Hinzu tritt als weitere Auffälligkeit, daß ein hoher Anteil von yDNA R1b tendenziell mit hohem Anteil von mtDNA X2a korrelliert. Und letztere ist zwar europäisch-nahöstlichen Ursprungs, aber, wie wir nun aus der Genanalyse des Kennewick-Menschen wissen, seit über 8.000 Jahren auf dem amerikanischen Kontinent präsent. Ist diese Korrelation reiner Zufall? Ich sehe erwartungsvoll entsprechenden statistischen Analysen, die hoffentlich irgendwann kommen, entgegen.
Schließlich ist da dieses:
Anomalous Native American DNA: New Tests Show Middle East Origins?
Native Americans are conventionally held to fit into a handful of haplogroups. (..) Haplogroup T is not among the haplogroups most geneticists recognize as Native American.

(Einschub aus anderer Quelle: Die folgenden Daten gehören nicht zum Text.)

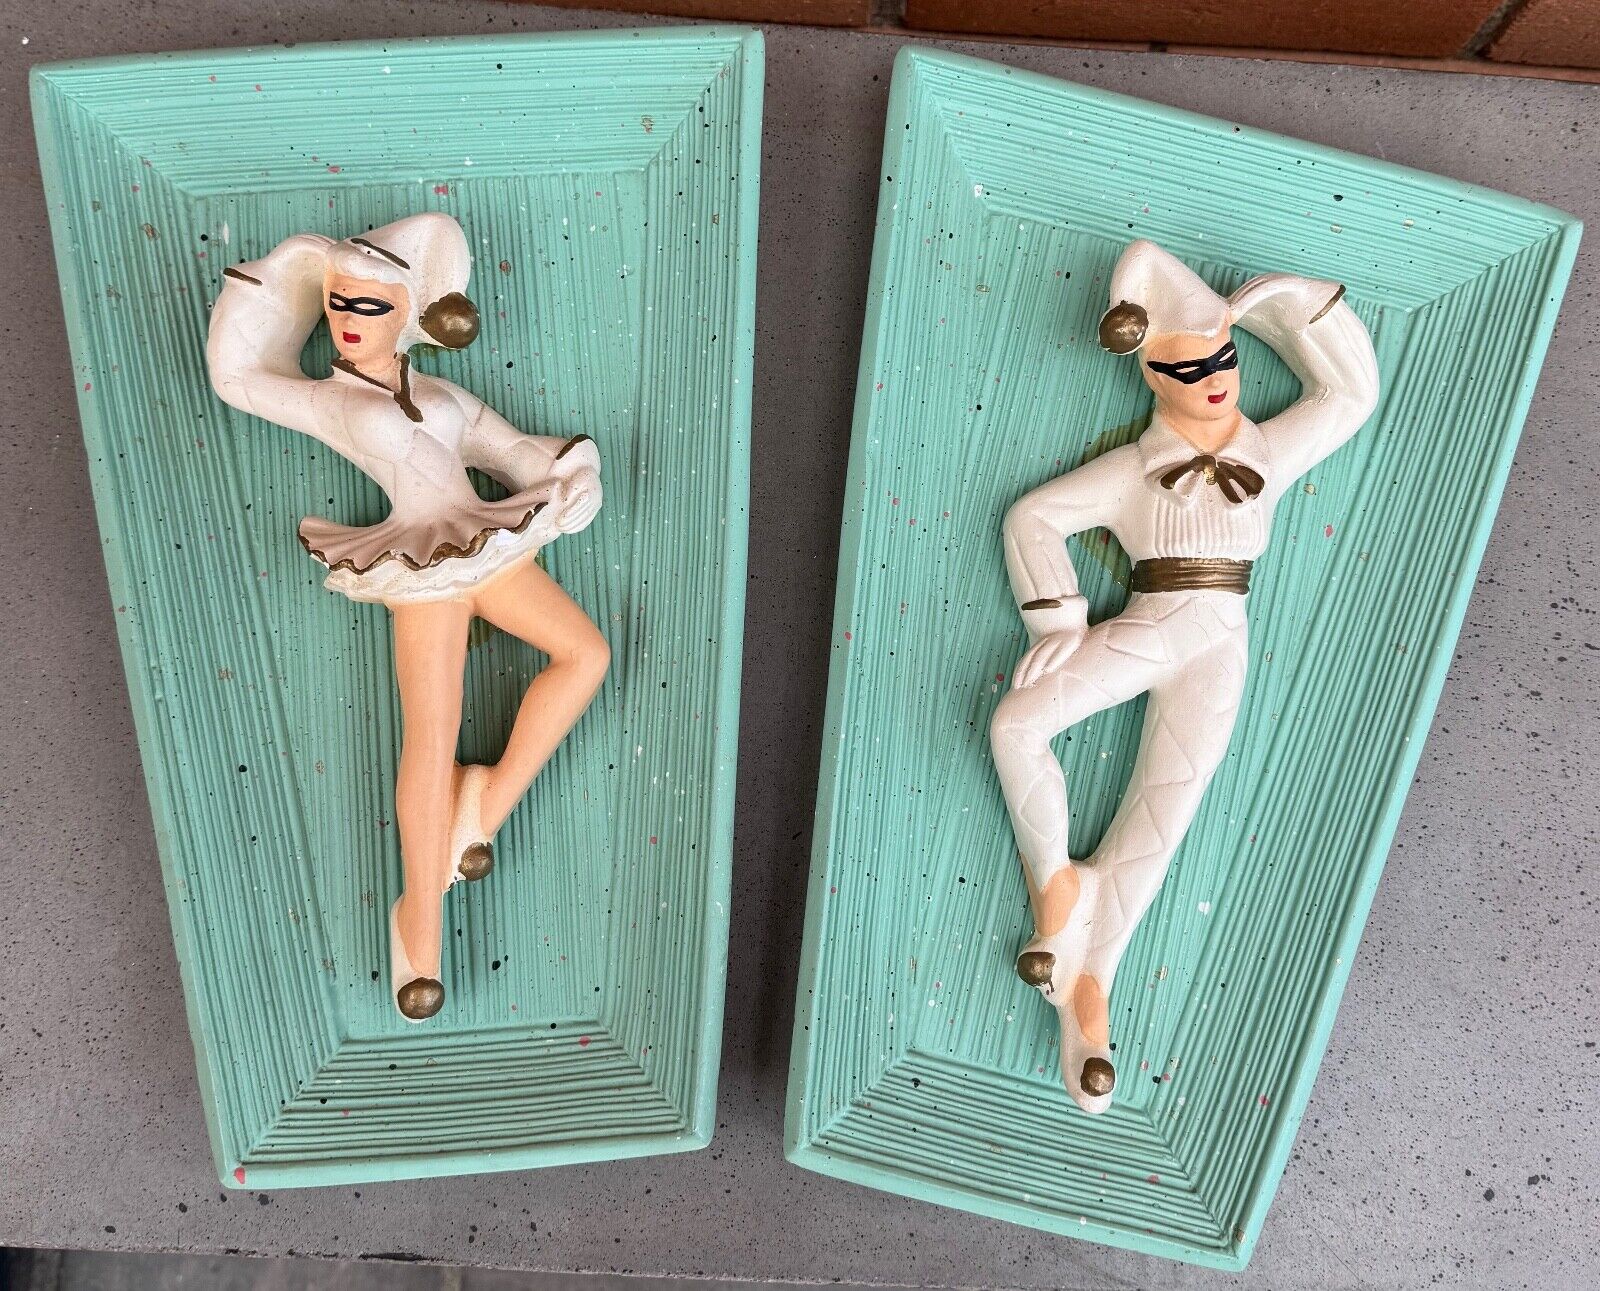 Vintage 1950s Harlequin Chalkware Plaques Wall Hangings Mid Century MCM Kitsch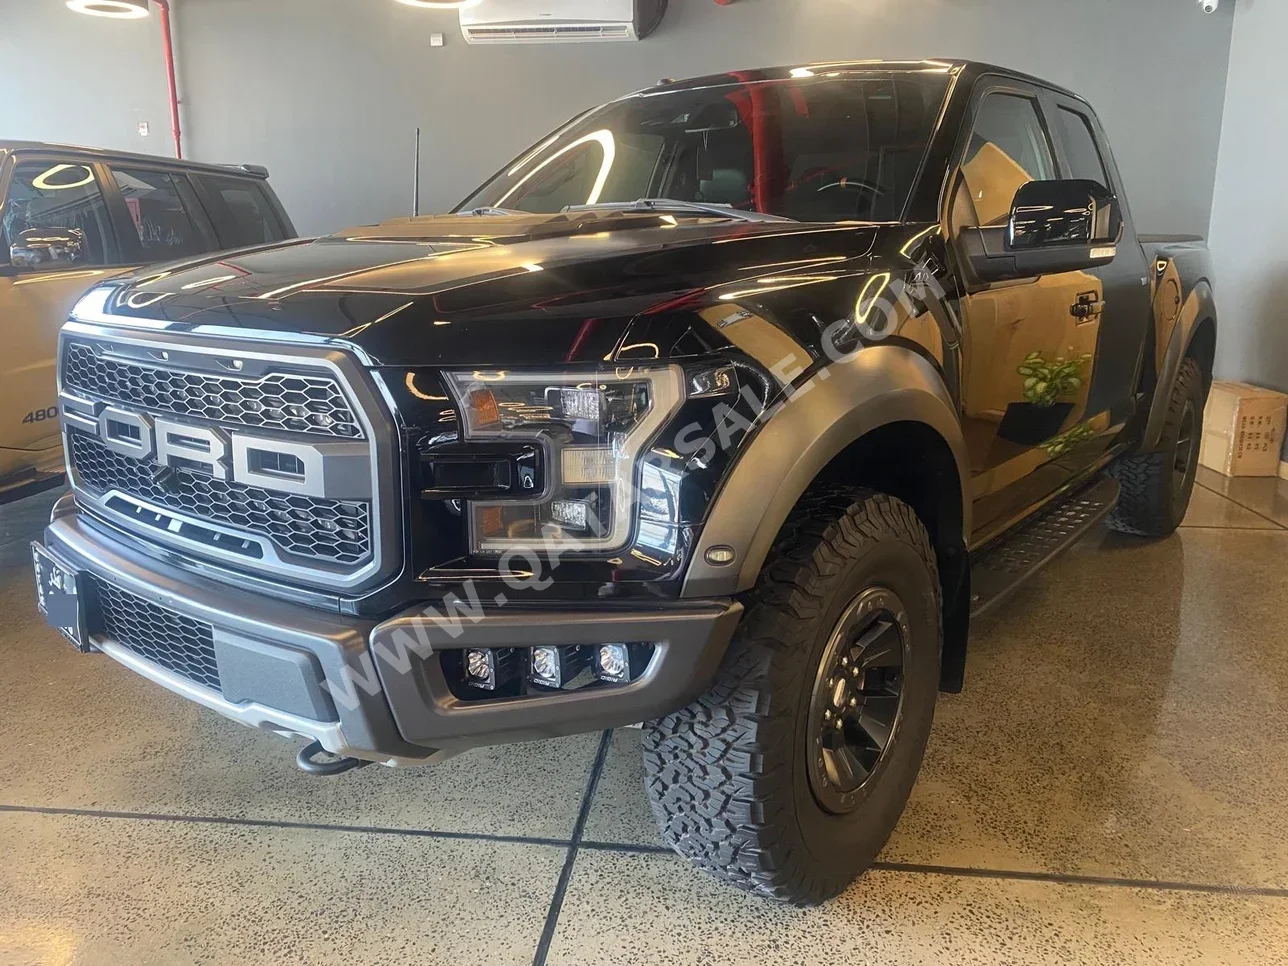 Ford  Raptor  2018  Automatic  138٬000 Km  6 Cylinder  Four Wheel Drive (4WD)  Pick Up  Black  With Warranty

Yates, however, said that it is prevalent among the Cherokee and has been for a very long time.
He wrote
in his report, released earlier this month: “T is the leading haplogroup (23.1 percent), with a frequency on a par with modern-day Egyptians (23.4 percent) and Arabs (24.4 percent). T is thus a defining mark of Cherokee ancestry. … We can safely rule out recent European admixture. As we have discussed again and again, there was no available source for a huge, sudden influx of female-mediated Middle Eastern DNA on the American frontier. Even Sephardic Jews (11 to 14 percent), many of whom were also Indian traders, could hardly have accounted for such admixture.
Vorsicht ist in mehrerlei Hinsicht angeraten: Zum einen waren die Tests nicht repräsentativ, sondern bezogen sich v.a. auf Individuen, die ihre "Reinblütigkeit" genealogisch über mindestens 4 Generationen belegen konnten, aber durch den für die Erlangung von Sozialhilfe vom Stamm obligatorischen DNA-Test gefallen waren. Alle ermittelten Prozentsätze sollten also auf einen (unbekannten) Bruchteil reduziert werden. Des weiteren haben sich an diese Ergebnisse teilweise obskure Spekulationen angeschlossen ("12 Stämme Zions" etc.) - wohl auch, um mormonisches und orthodox-jüdisches Geld für weitere Tests zu mobilisieren.
Festzustellen bleibt aber ein
meßbarer, jedoch in seiner Größe unbestimmter Anteil verschiedener
originär nahöstlicher mtDNA bei den Cherokee. Die Cherokee waren traditionell matrilokal/ matrilinear, insofern steht nennenswerter Zuzug europäisch-nahöstlicher Frauen im 17.-19. Jahrhundert eigentlich nicht zu erwarten. Auch läßt sich die festgestellte Admixtur kaum kolonial erklären, weil typisch britische/ spanische mtDNA weitgehend fehlt. Postkolumbianische Erklärungsansätze richten sich im wesentlichen auf frühen Zuzug sephardischer Juden samt Familie, um der Inquisition in den spanischen Kolonien zu entgehen. Ob dieser Erklärungsansatz historisch und genetisch tragfähig ist, bleibt abzuwarten.